MetaLink - Closure and Error Degree of 556M owl:sameAs statements
MetaLink is a dataset that contains metadata for a very large set of owl:sameAs links that are crawled from the LOD Cloud. MetaLink encodes a previously published error metric for each of these links [Raad et al., 2018]. This error degree ranges from 0.0 (most likely correct) till 1.0 (most likely incorrect). The idea is that the more an owl:sameAs link is isolated in the network (of all owl:sameAs links), the higher error degree this link will have. Experiments shows that discarding the 1M owl:sameAs links with an error degree >0.99 can significantly increase the quality of the transitive closure. Also by keeping only the 400M owl:sameAs links with error degree <= 0.4, the resulting closure is 100% precise in several manually evaluated cases. The resulted equivalence classes from these different closures are publicly available online.
MetaLink is published in combination with LOD-a-lot, a dataset that is based on a very large crawl of a subset of the LOD Cloud.

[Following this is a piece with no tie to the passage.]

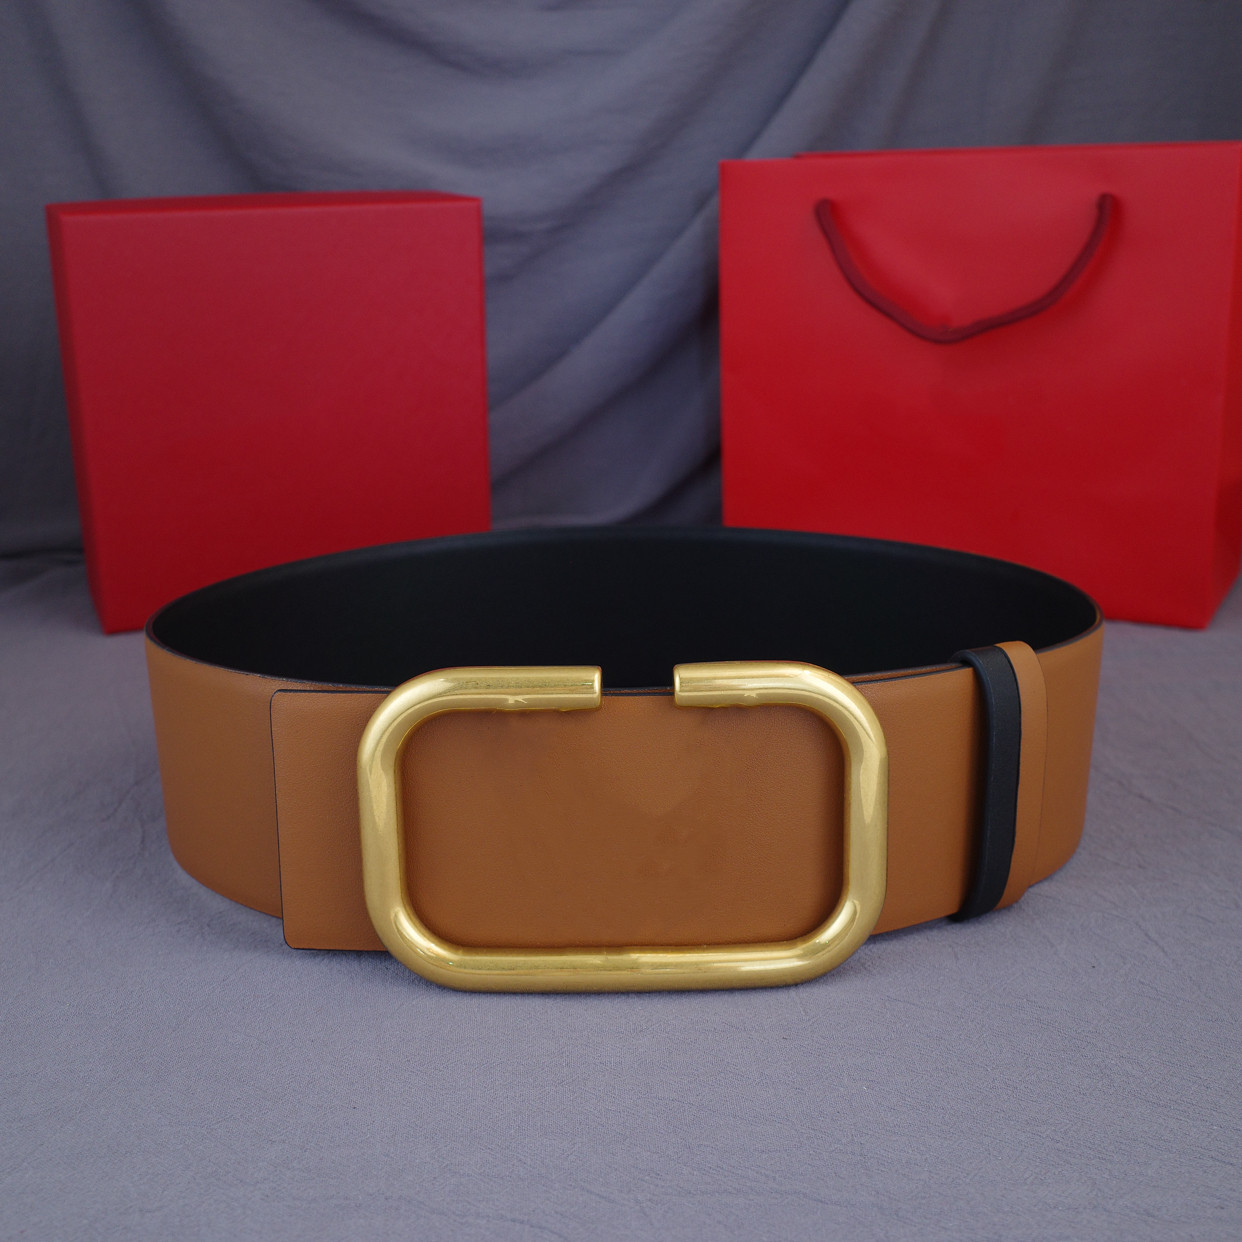 2022 Moda Hombres Clásicos Diseñadores Cinturones Para Mujer Para Hombre Carta Casual Hebilla Lisa Cinturón Ancho 7 0 cm con caja Sin carga283m

By combining MetaLink and LOD-a-lot, applications are able to make informed decisions about whether or not to follow specific links on the LOD Cloud. This dataset contains 4,352,602,452 unique triples, and is available in HDT (Header Dictionary Triples) format. It can be navigated online using the TriplyDB Linked Data hosting platform: https://krr.triply.cc/krr/metalink.
A figure describing the vocabulary of the MetaLink dataset can be found here. Classes are displayed by circles and properties are displayed by arcs. The MetaLink-specific classes and properties are displayed in red, the blue classes and properties are reused from existing vocabularies.